衆院予算委員会と参院財政金融委員会は17日、答弁を求めていた中川氏が「病院へ検査に行く」として欠席の意向を示したため、午前中に予定していた委員会開催を取りやめた。担当閣僚の体調を理由に委員会が中止となるのは極めて異例。中川氏は病院で診断書を受け取った後、財務省に入り「午後は予算委員会に出席する」と述べたが、午後0時半過ぎから会見して、辞任の意向を表明した。
「100年に1度といわれる世界経済、金融の危機、あるいは日本の急速な経済の悪化という状況の中で、私は景気回復のために全力を傾注してきたつもり。景気を良くすることに対しての気持ちは非常に強いものを持っている」と悔いもにじませた。

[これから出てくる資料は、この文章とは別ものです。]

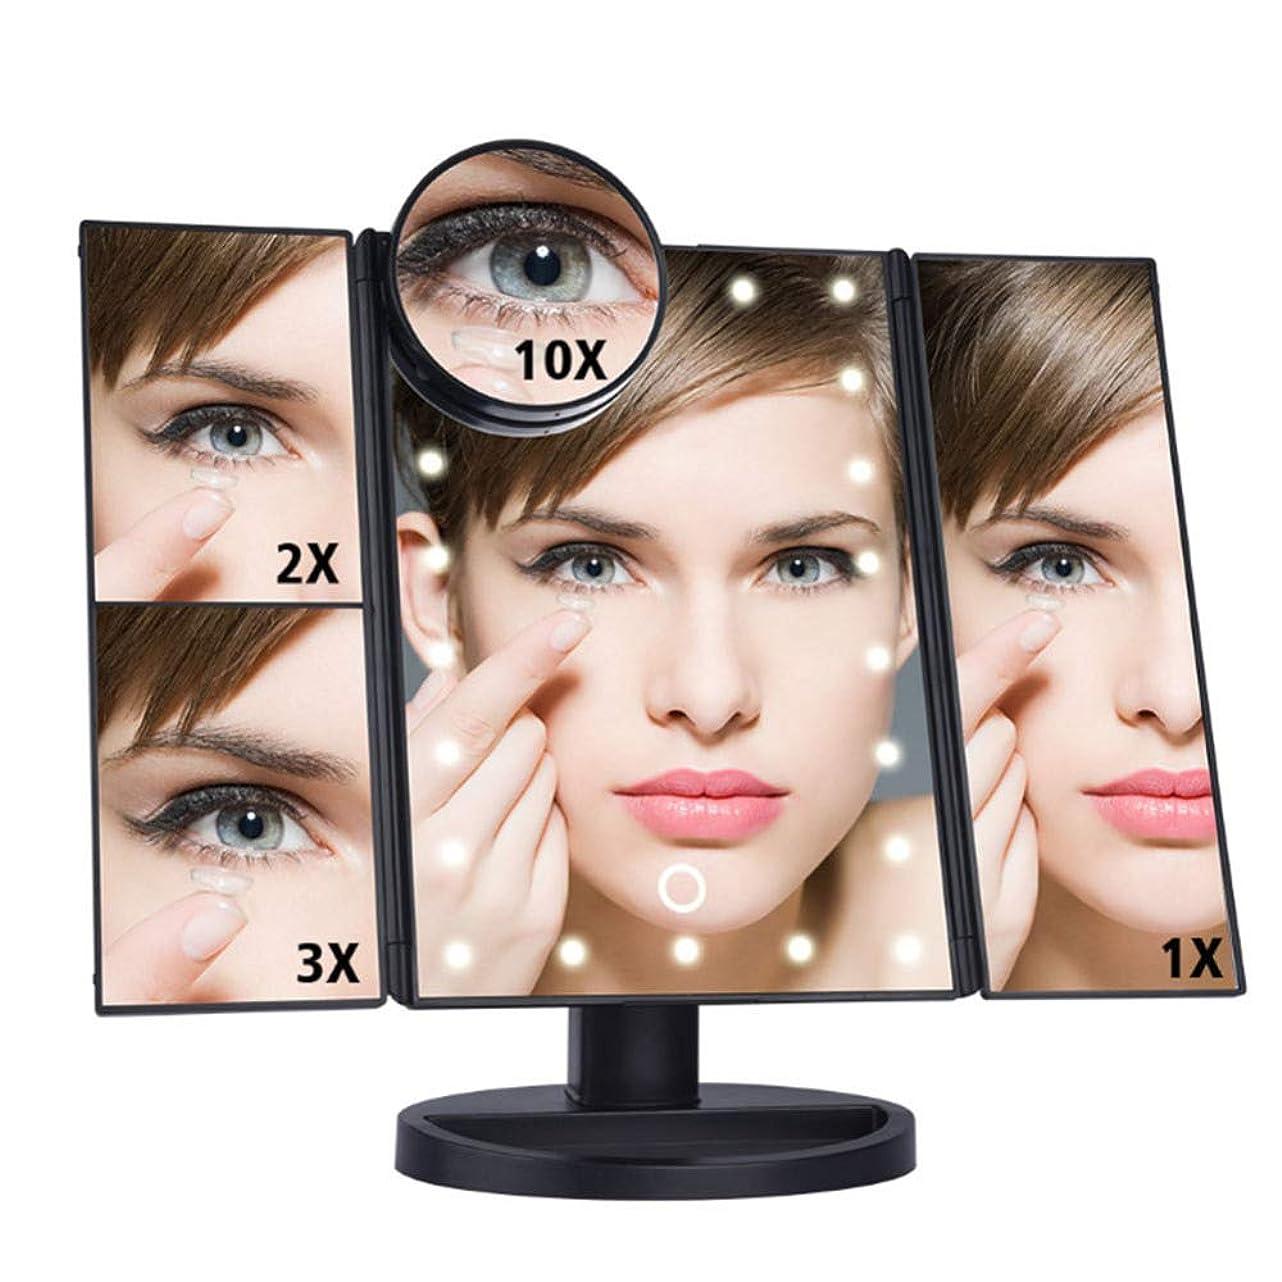 スリル公式忘れるLED照明付きメイクアップミラー-テーブルトップバニティメイクアップミラー-1X / 2X / 3X / 10X拡大鏡三つ折り化粧鏡180°回転,Black-19*8*29cm

首相は当初、「体調管理をしっかりして職務に専念してもらいたい」と中川氏を続投させる方針を表明。中川氏も16日夜、「罷免されない限り職務を全うしたい」と語っていた。だが、政府・与党内から予算案審議への影響を懸念する声が高まっていた。麻生内閣での閣僚の辞任は昨年9月に失言問題で辞任した中山成彬前国土交通相に続いて2人目。
中川氏は、ローマで14日午後に開いた記者会見で、ろれつが回らない状態で受け答えした。同席していた白川方明日銀総裁に対する質問に「何、もう一度言って」と割り込むなど不自然な態度を示し、米ABCテレビのインターネットの記者ブログでは「居眠り運転」との見出しで報じられるなど海外メディアでも酷評された。
16日の衆院財務金融委員会では、野党側が「飲酒が原因ではないか」と追及したが、中川氏は昼食時にワインを「口に含んだ」ことは認めたものの、記者会見前に飲酒したことは否定。原因は、多量の風邪薬をのんだためと説明していた。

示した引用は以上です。